#### Records shown

● ● ●

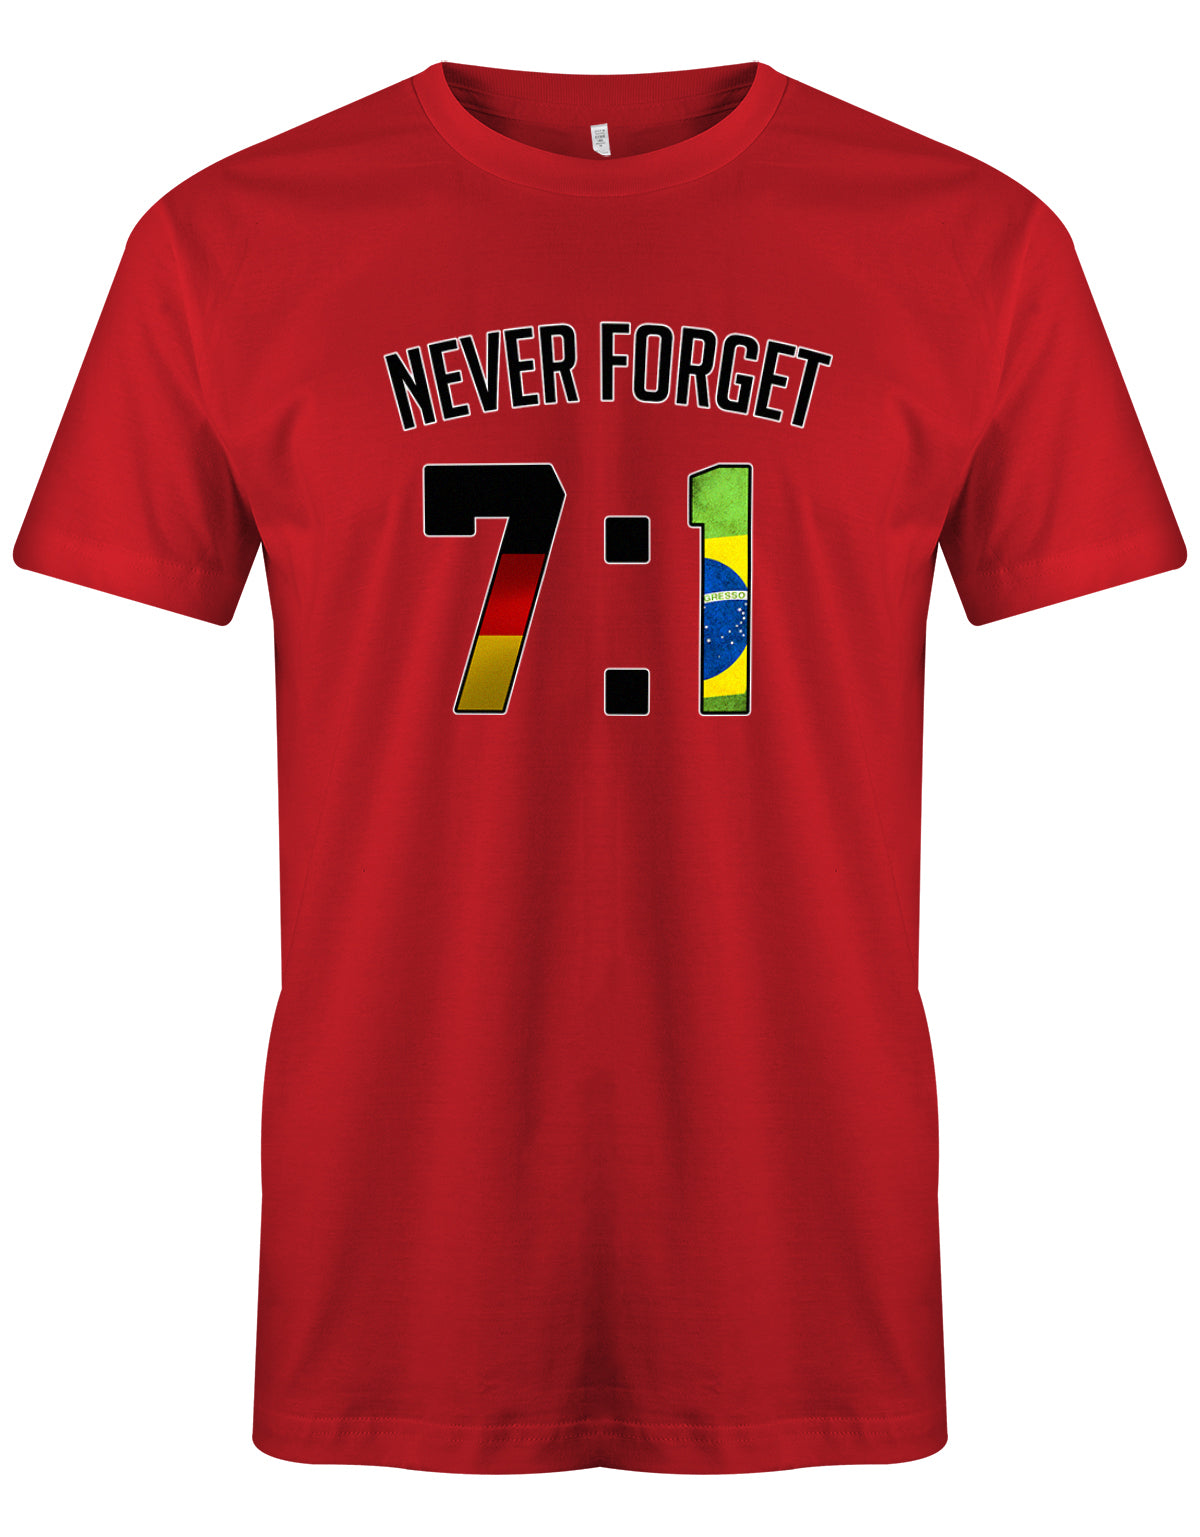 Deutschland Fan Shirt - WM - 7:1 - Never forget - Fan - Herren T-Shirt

● ● ●

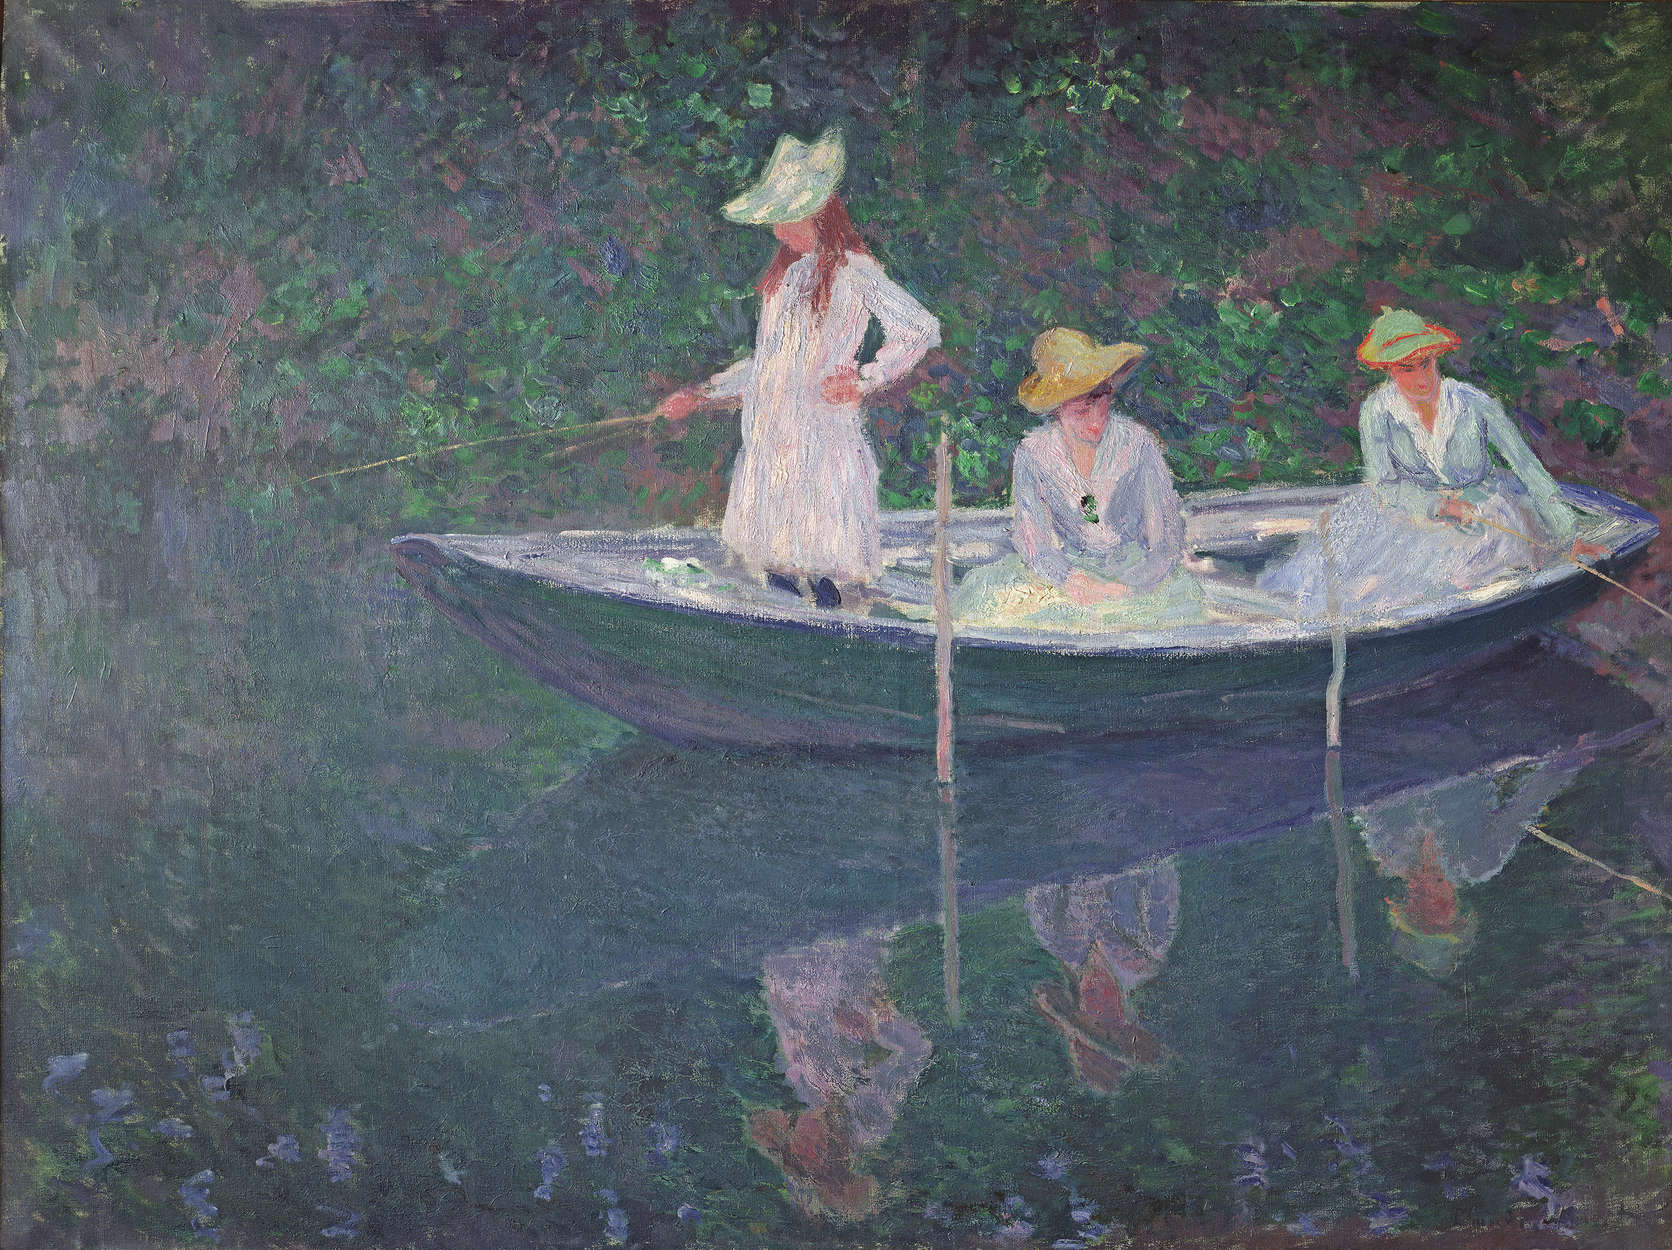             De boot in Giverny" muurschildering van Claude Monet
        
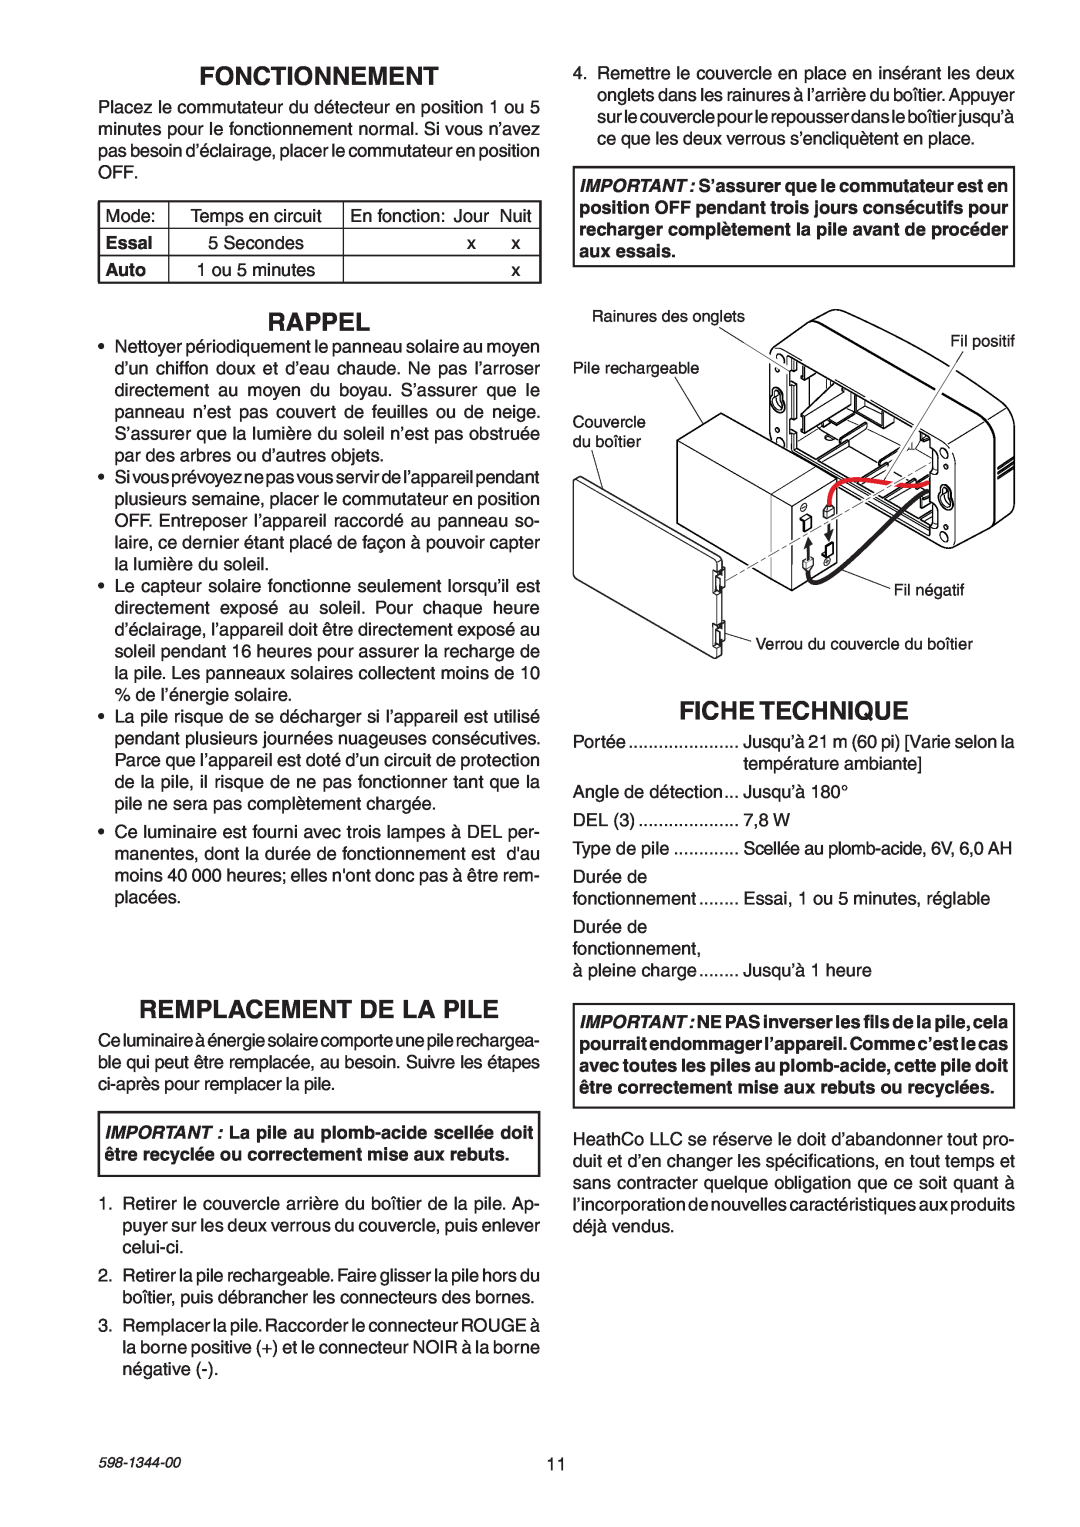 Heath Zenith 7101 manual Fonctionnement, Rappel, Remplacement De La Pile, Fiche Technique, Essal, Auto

● ● ●

#### To do
Output exactly the lines above that lie between the line with "van Claude Monet" and the line with "Heath Zenith 7101", those two lines included, and no pictures.

#### Answer space
             De boot in Giverny" muurschildering van Claude Monet
        
 Heath Zenith 7101 manual Fonctionnement, Rappel, Remplacement De La Pile, Fiche Technique, Essal, Auto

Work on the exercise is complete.